What a deal! I can’t lose!
I am. Same loop of crap blasting on 20x massive screens 24/7 at the station.
Every store that keeps light on at night is also an ad.
My hate for them is one of the main drivers behind my radicalization.
My grandfather worked in the ad industry and couldn’t stand ads. He’s always mute the TV when they came on and we sat in uncomfortable silence.
What do you mean ‘uncomfortable’?
Well I was like 25 when I took care of him for two weeks and a pretty hard partier so silence wasn’t really my thing at the time. I’m in my 40s with 4 kids so I’ll I love silence now. I’ll even stare at walls.
Well, we weren’t very keen on talking in the family when I grew up. I can’t remember if we sometimes talked while TV was muted because of ads, but when we didn’t talk it didn’t feel awkward. If anything, it felt awkward to ever talk to each other. Not the healthiest upbringing in my mind ¯\_(ツ)_/¯
At least lighting has become more efficient than 20-30 years ago.

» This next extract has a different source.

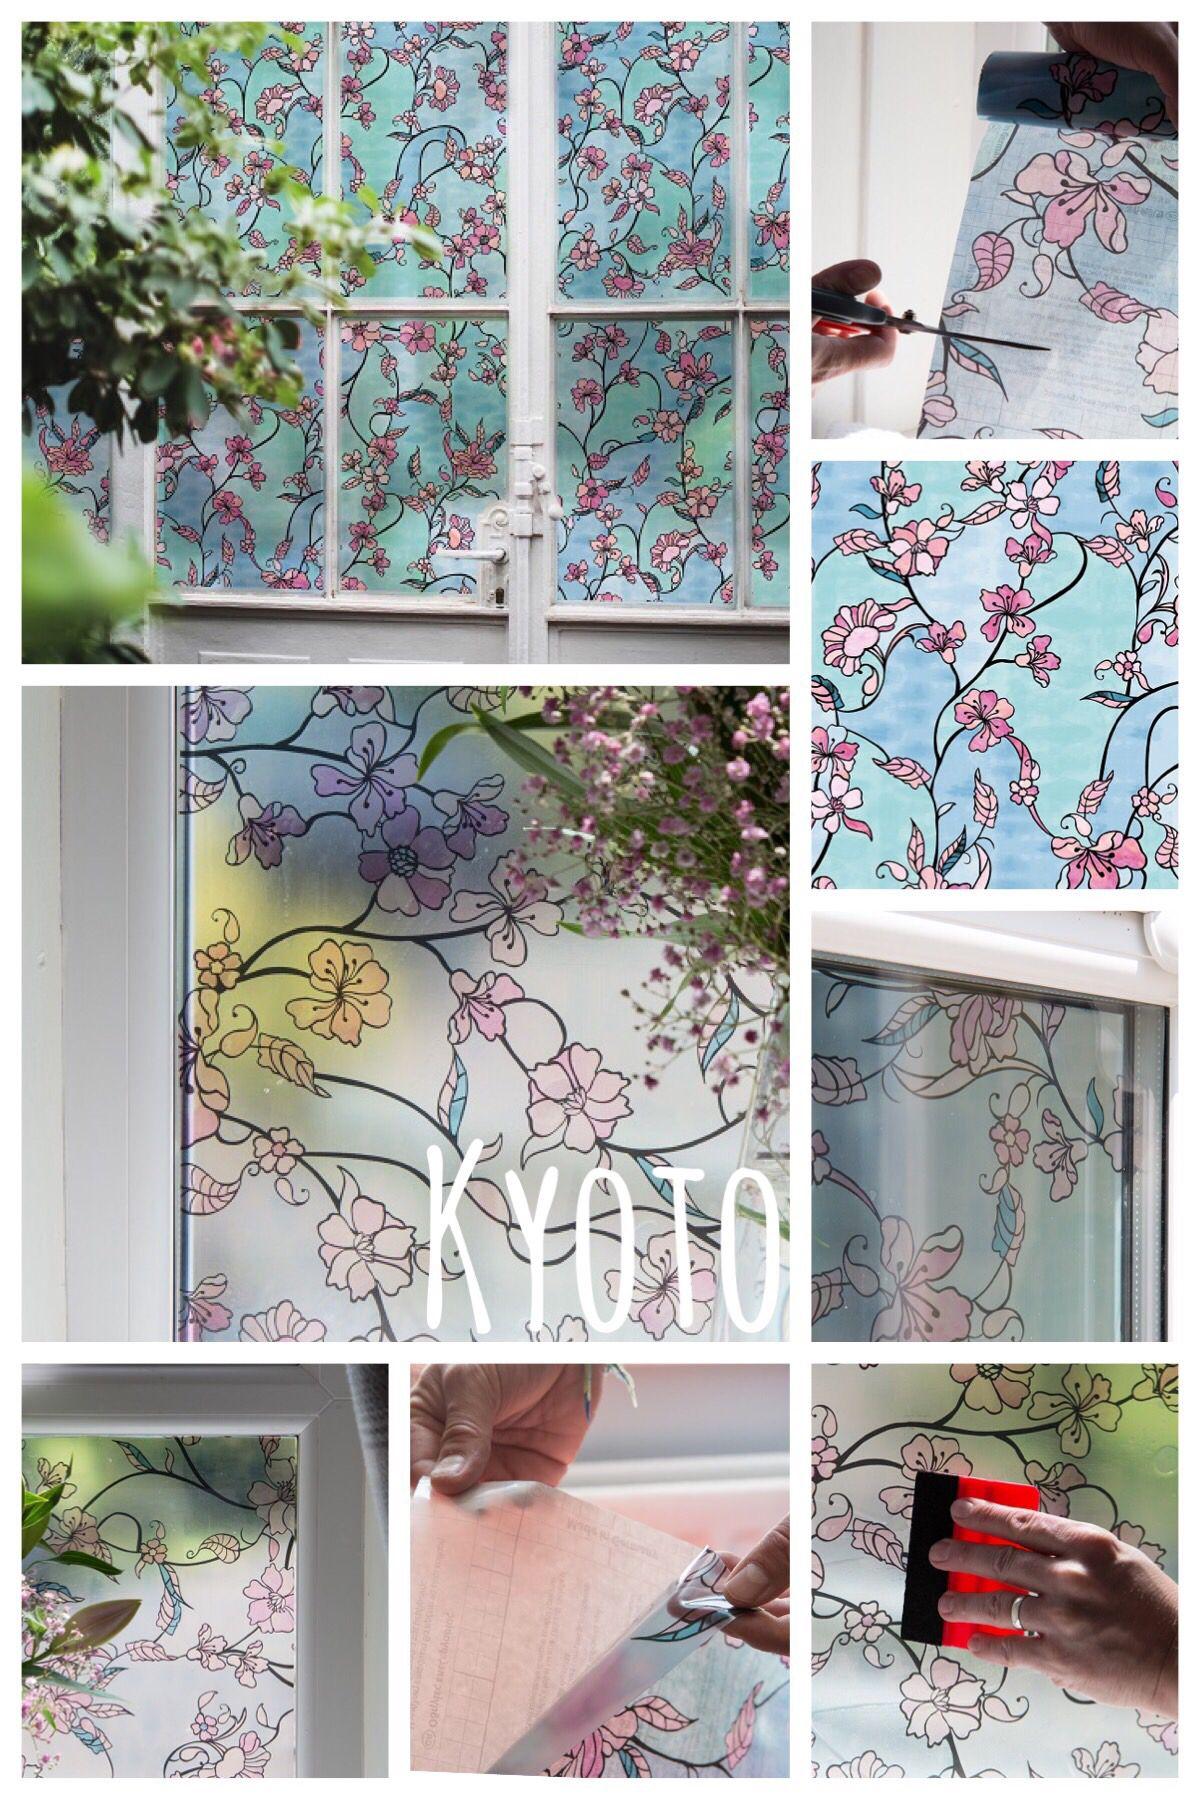 67 5cm X 1 5m D C Fix Kyoto Static Cling Vinyl Window Privacy Film 338 8141 Window Film Designs Window Film Static Cling

Yes but what about this whataboutism? And honestly I am fairly certain it ain’t as much as Bitcoin. People usually focus on 1 thing to get it done because moving to the next. I bet you try to do that at work too.
No way ads consume less power than bitcoin. Just the lights for ads probably consume more than bitcoin, not even talking about creating ads, which I assume consumes a double digit percentage of the global work force.
I did a back of the envelope a few comments up. How it looks to me, just sending internet ads around the world consumes 20 times as much as all crypto mining combined.
You assume wrong. In the UK, about 0.3-0.5% of people work in marketing or advertising, and that’s one of the most extremely financialised service economies in the whole world. No way is the number anywhere near even that high in countries where people actually work for a living.
Thanks for the correction. Slightly overestimated 😁
Yeah, I mean it’s still an insanely high amount IMO, you’re not wrong in the sense that it’s “way too many people”
What are you on about?
Yes but what about this whataboutism?
Blockchain user.
Most people aren’t loudly in favour of that, especially not the ones concerned with the power usage of blockchain
Perhaps, but you also never hear them complain about it anywhere near as loudly as people complaining about blockchains.
Yes, they’ll grumble about ads being annoying or YouTube blocking people who block ads, but the amount of power that gets wasted on this never even crosses anyone’s mind, meaning on some level, there exists agreement that advertisement are a necessary and responsible use of electricity while blockchains are not.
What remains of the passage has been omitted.